__PROBLEM DETAILS__
Repeat exactly the lines below, from the line containing "Japanese Terrier Guide Japanese" through the last line, both included. Leave out any pictures.

__PROVIDED DATA__
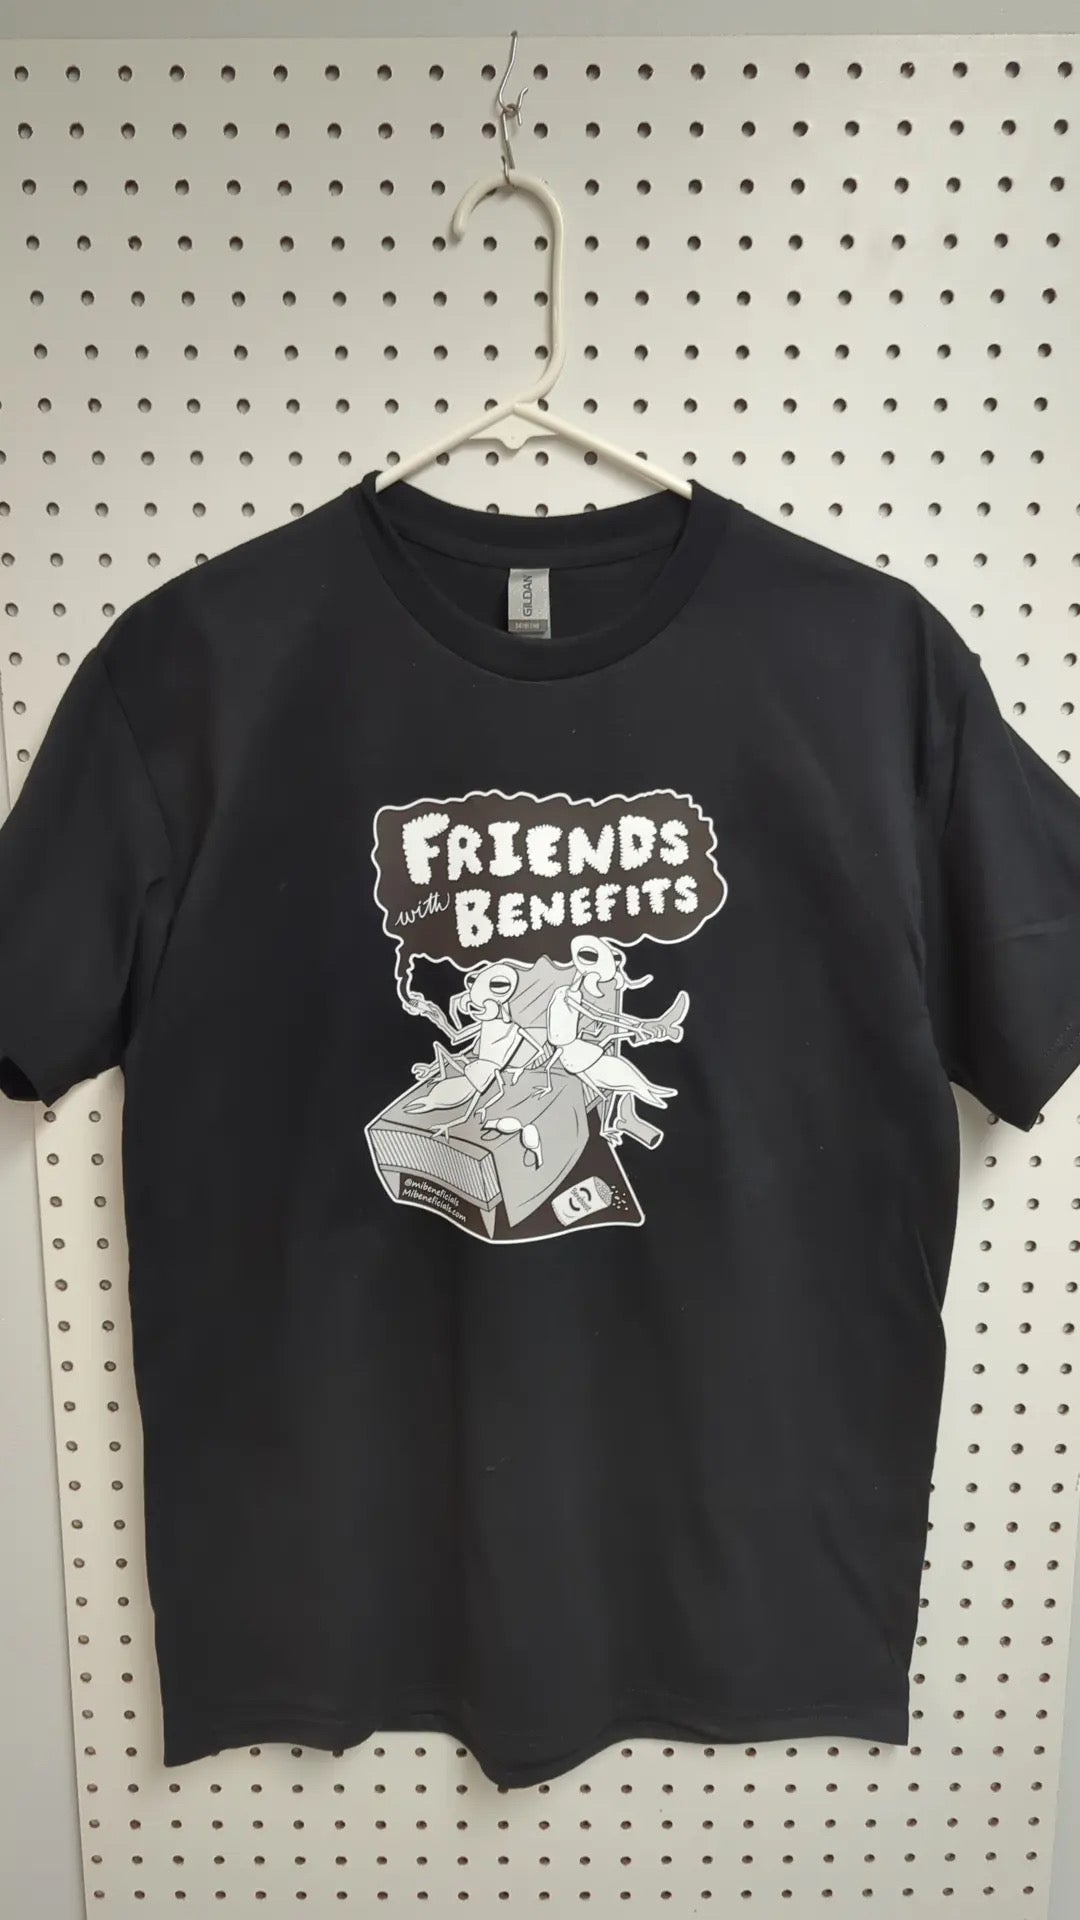 Friends with benefits t-shirt
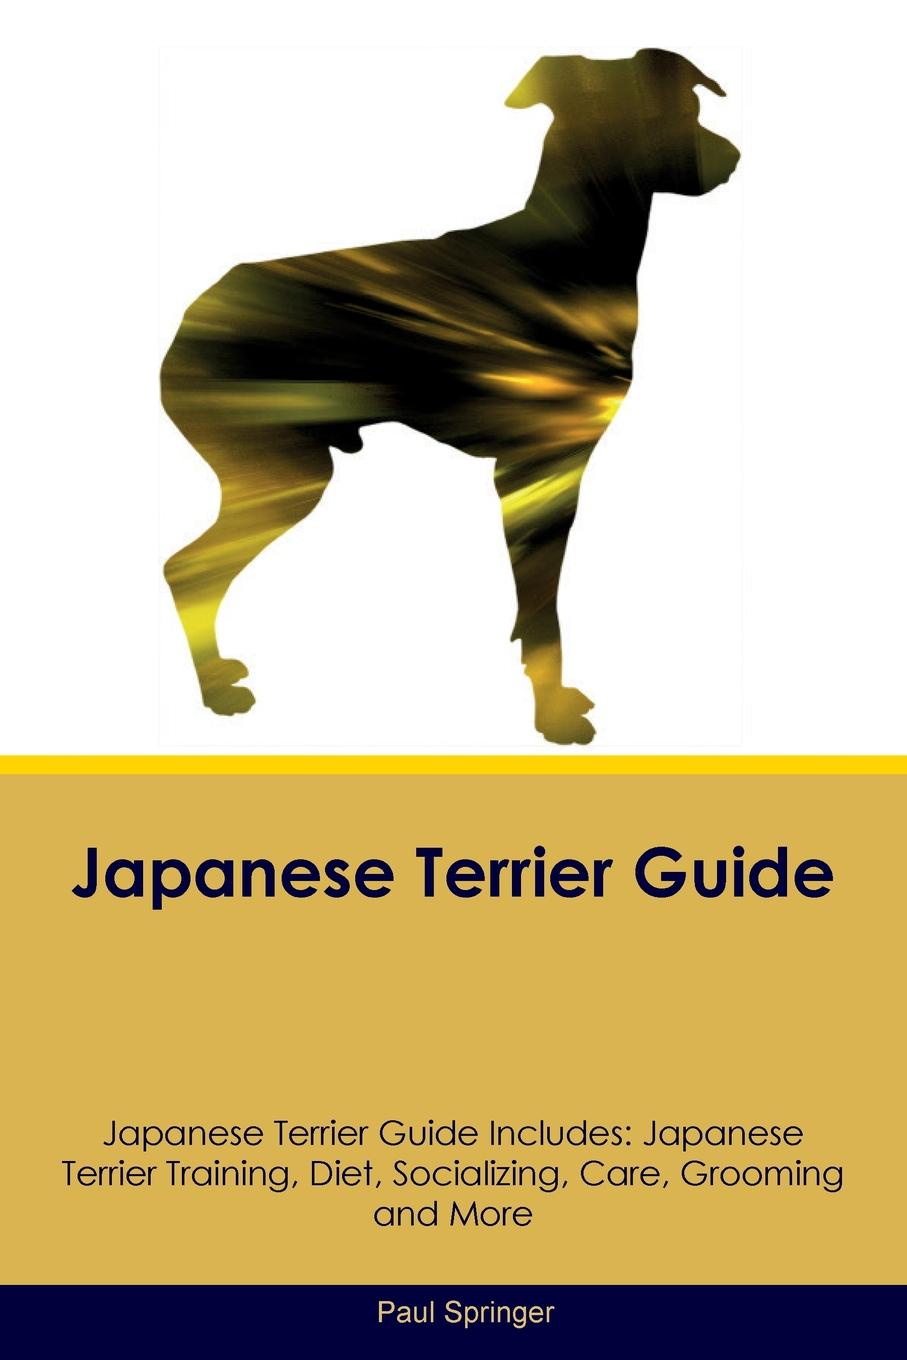 Japanese Terrier Guide Japanese Terrier Guide Includes. Japanese Terrier Training, Diet, Socializing, Care, Grooming, Breeding and More
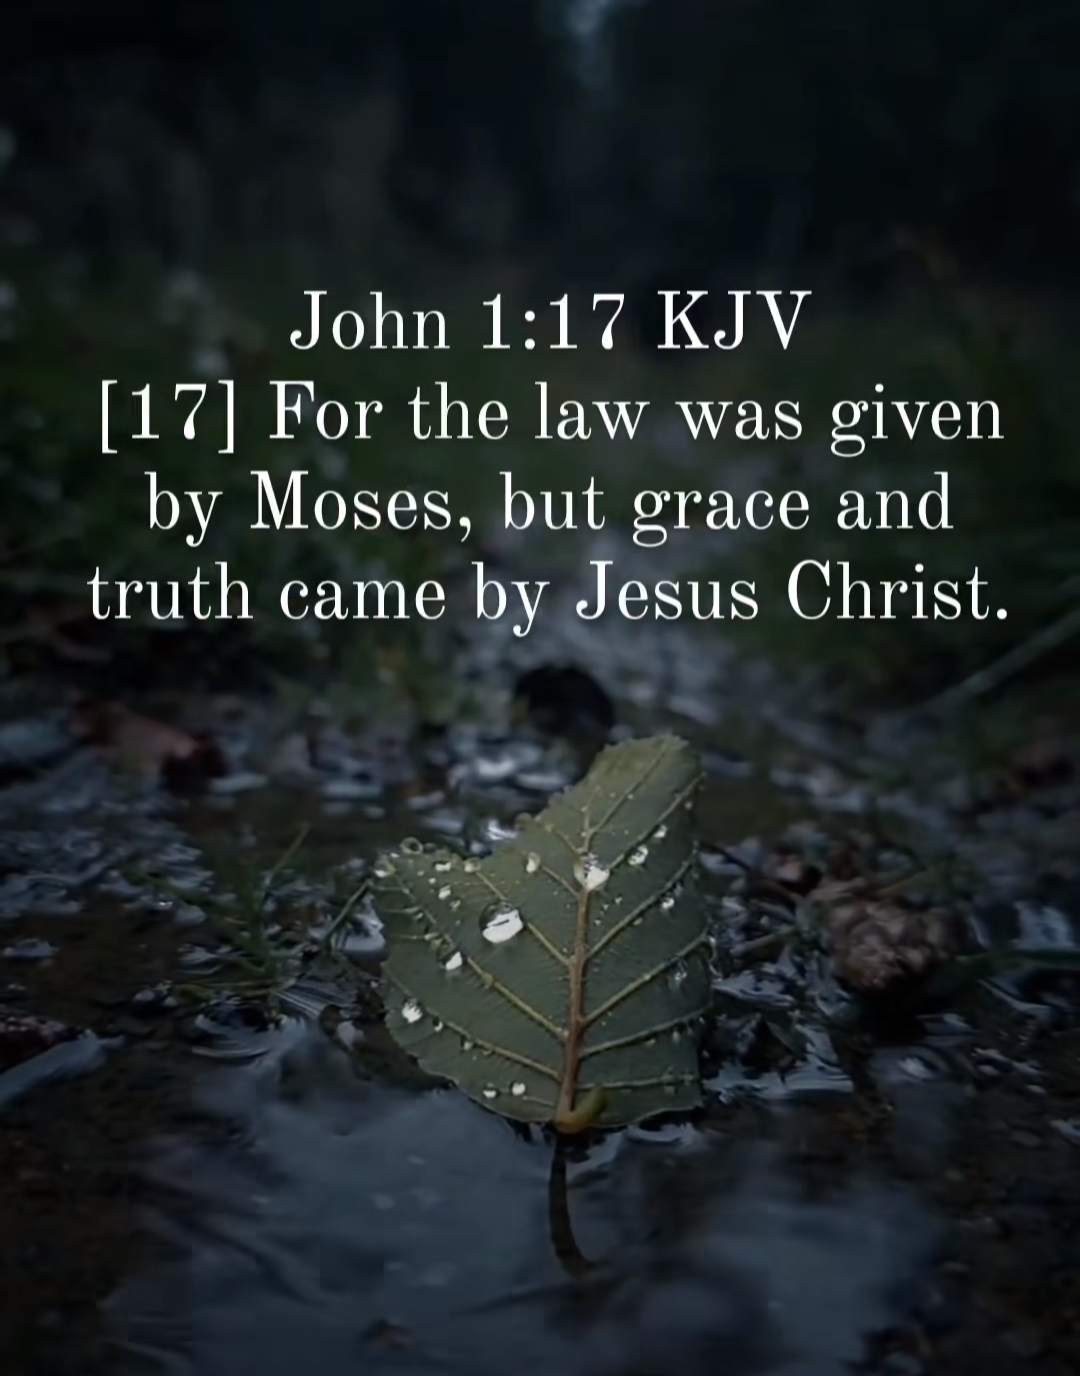 White text placed over water droplet covered leaf, John 1:17 KJV For the law was given by Moses, but grace and truth came by Jesus Christ.
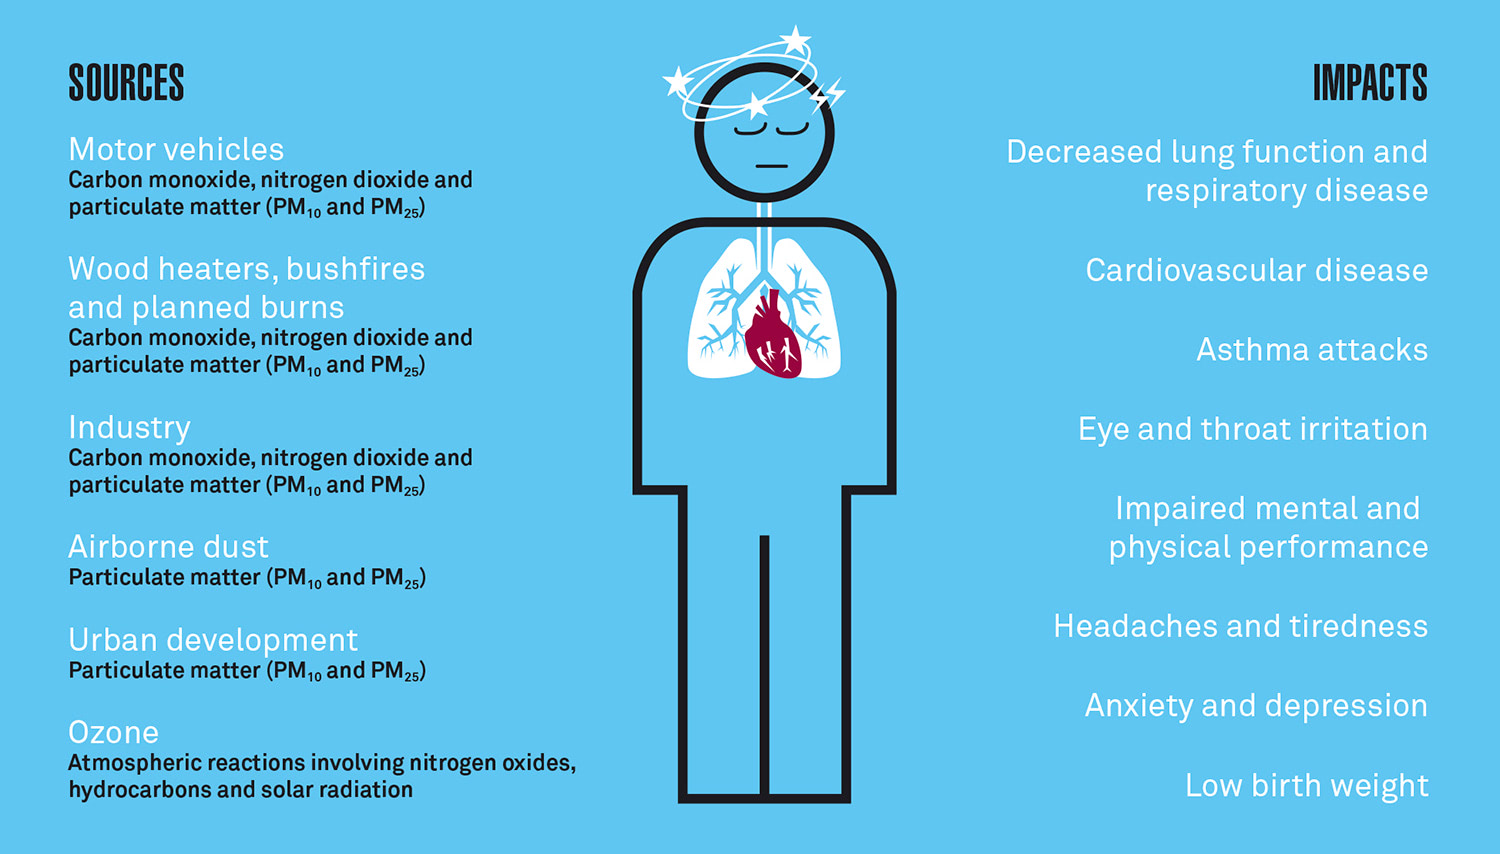 Figure A1: Sources of air pollution and impacts on human health
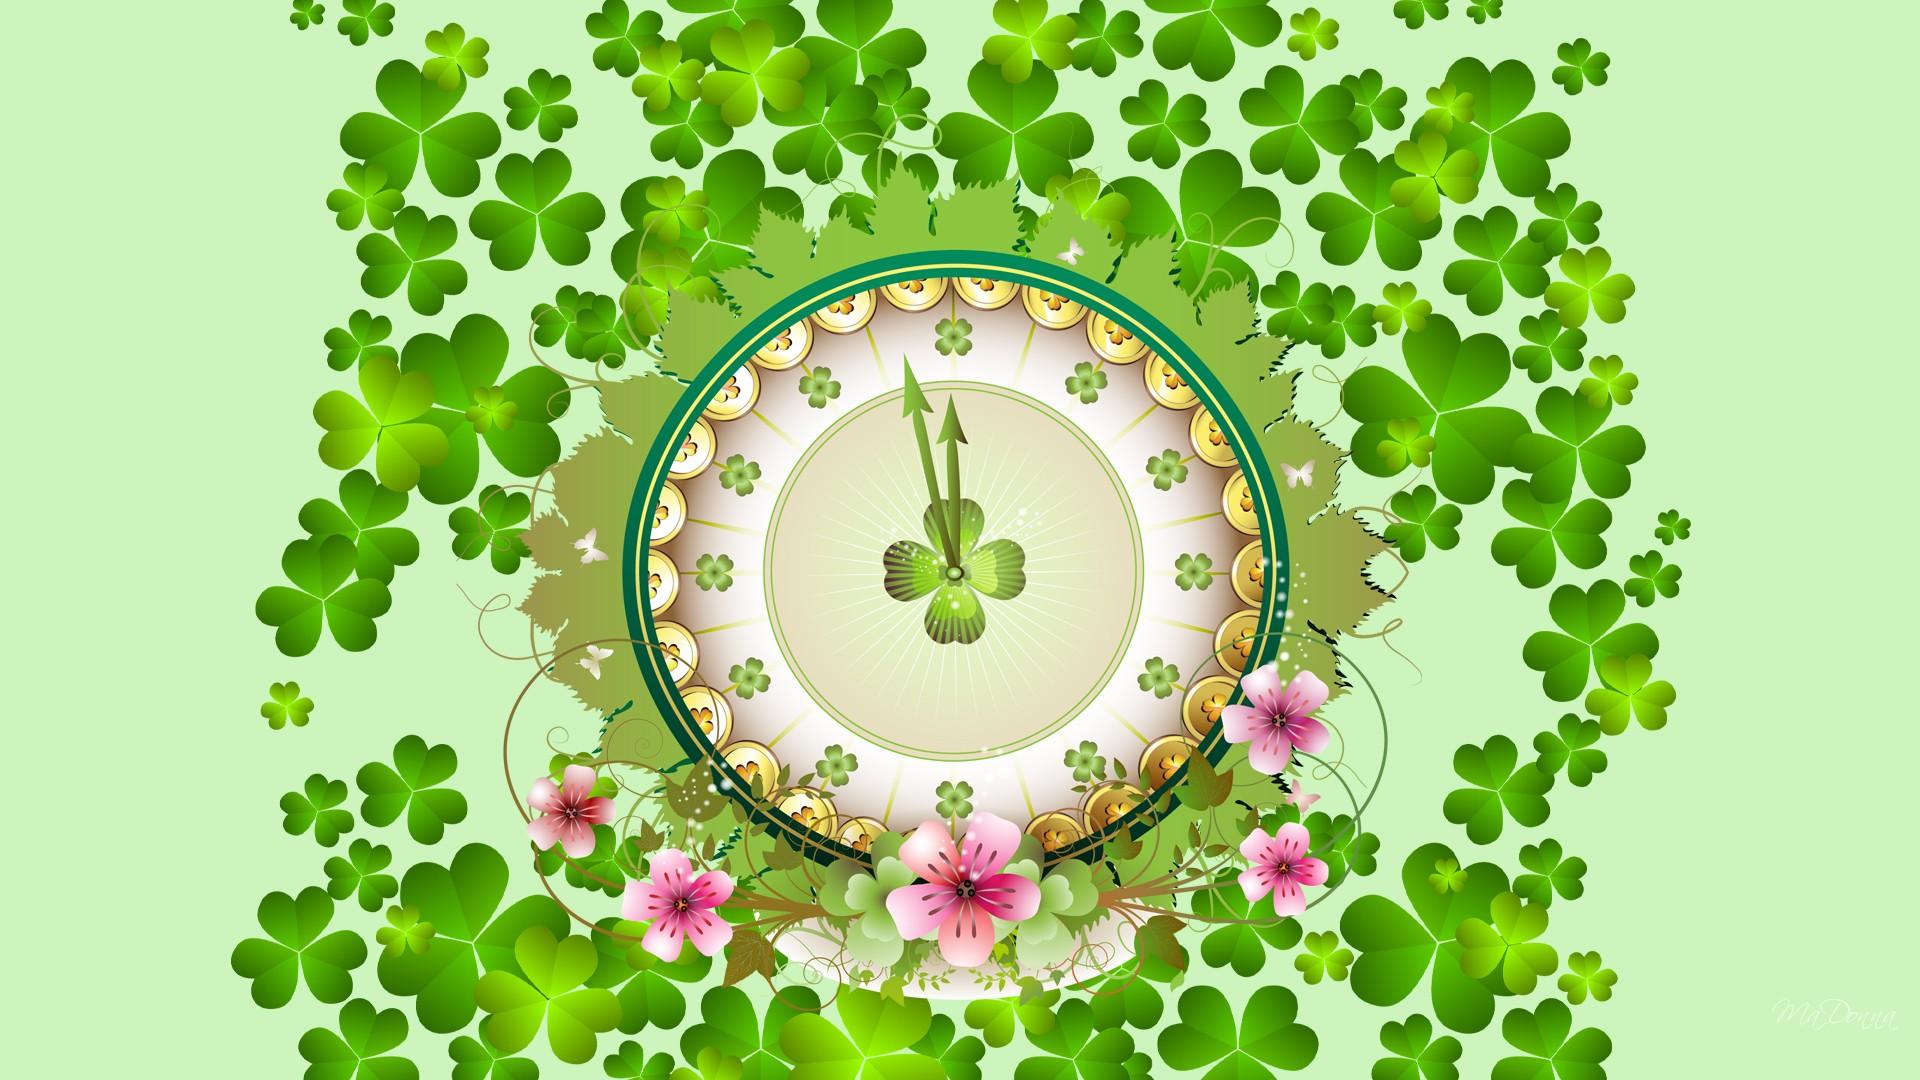 St Patrick's Day Backgrounds Wallpapers HD Images

__WRITTEN SOLUTION__
 Japanese Terrier Guide Japanese Terrier Guide Includes. Japanese Terrier Training, Diet, Socializing, Care, Grooming, Breeding and More
 White text placed over water droplet covered leaf, John 1:17 KJV For the law was given by Moses, but grace and truth came by Jesus Christ.
 Figure A1: Sources of air pollution and impacts on human health
 St Patrick's Day Backgrounds Wallpapers HD Images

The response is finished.